ENTRIES SHOWN:
Segment Open

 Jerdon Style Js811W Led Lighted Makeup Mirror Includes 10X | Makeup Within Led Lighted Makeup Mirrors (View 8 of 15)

Segment Closed
Segment Open

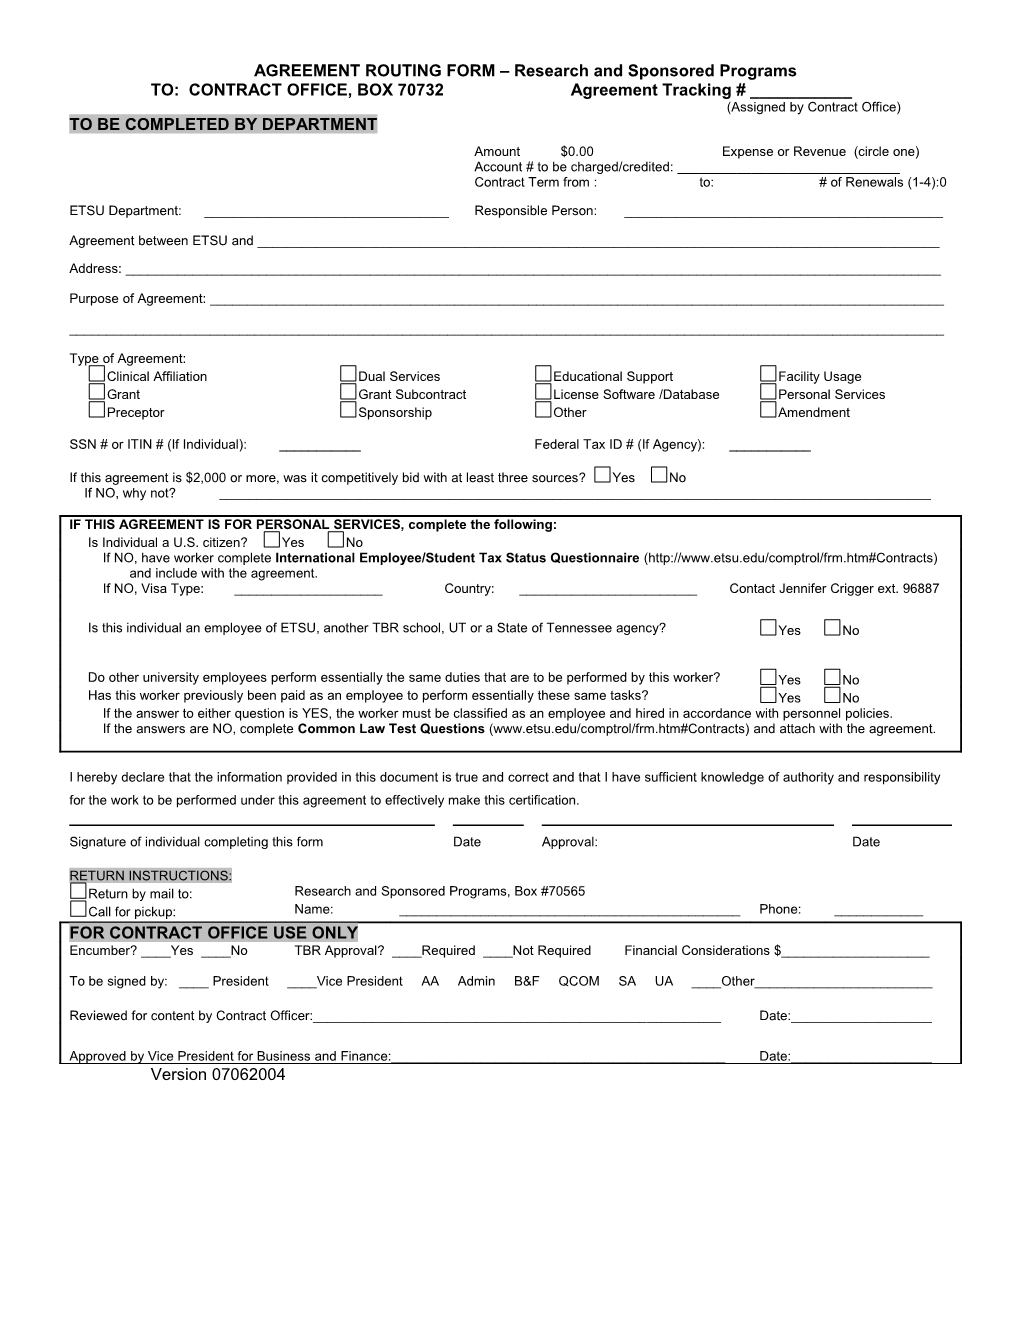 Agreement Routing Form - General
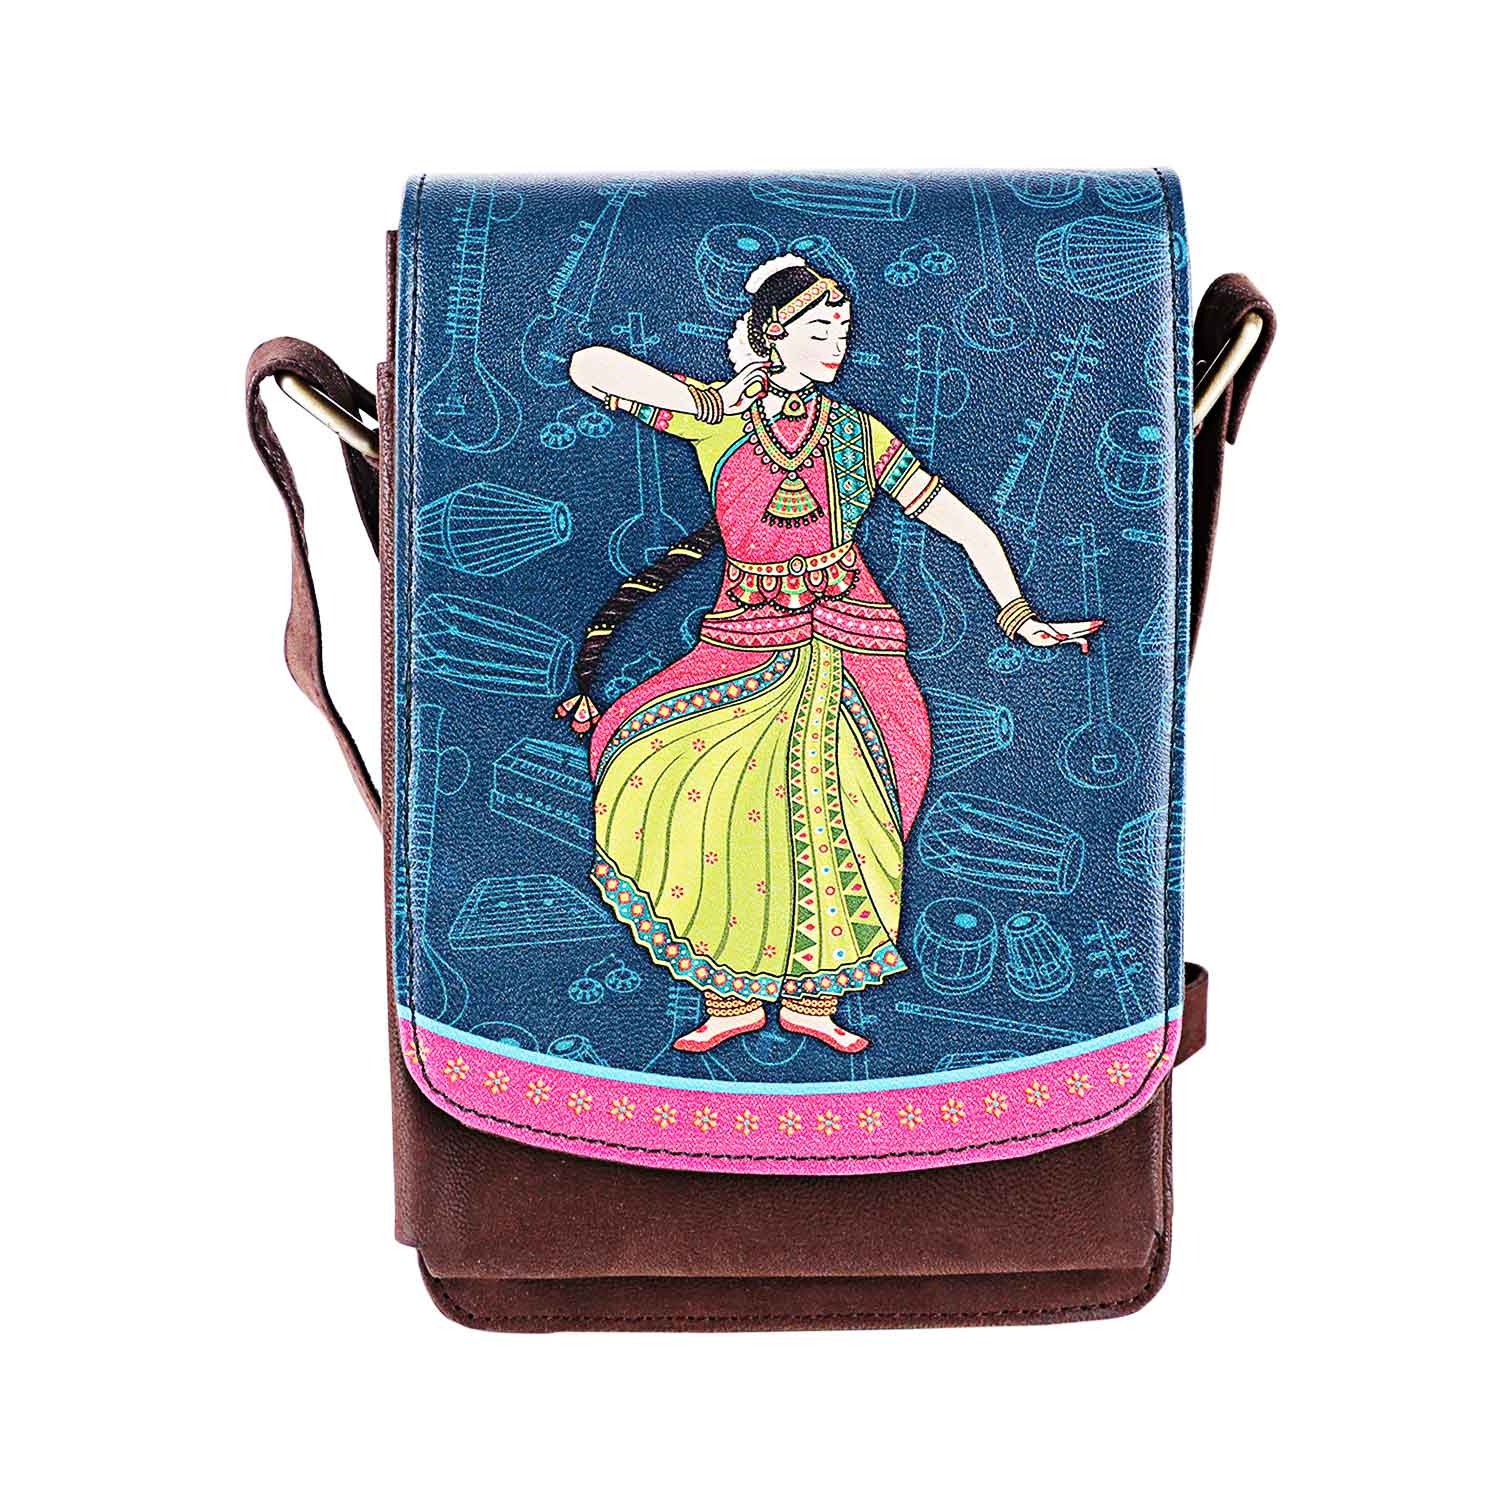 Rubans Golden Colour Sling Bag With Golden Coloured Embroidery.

Segment Closed

WHAT YOU HAVE TO DO: With the pictures omitted, copy the entries above exactly from the line containing "Agreement Routing Form - General" through the line containing "Rubans Golden Colour", both lines included.

SOLUTION FOR THIS TASK:
 Agreement Routing Form - General
 Rubans Golden Colour Sling Bag With Golden Coloured Embroidery.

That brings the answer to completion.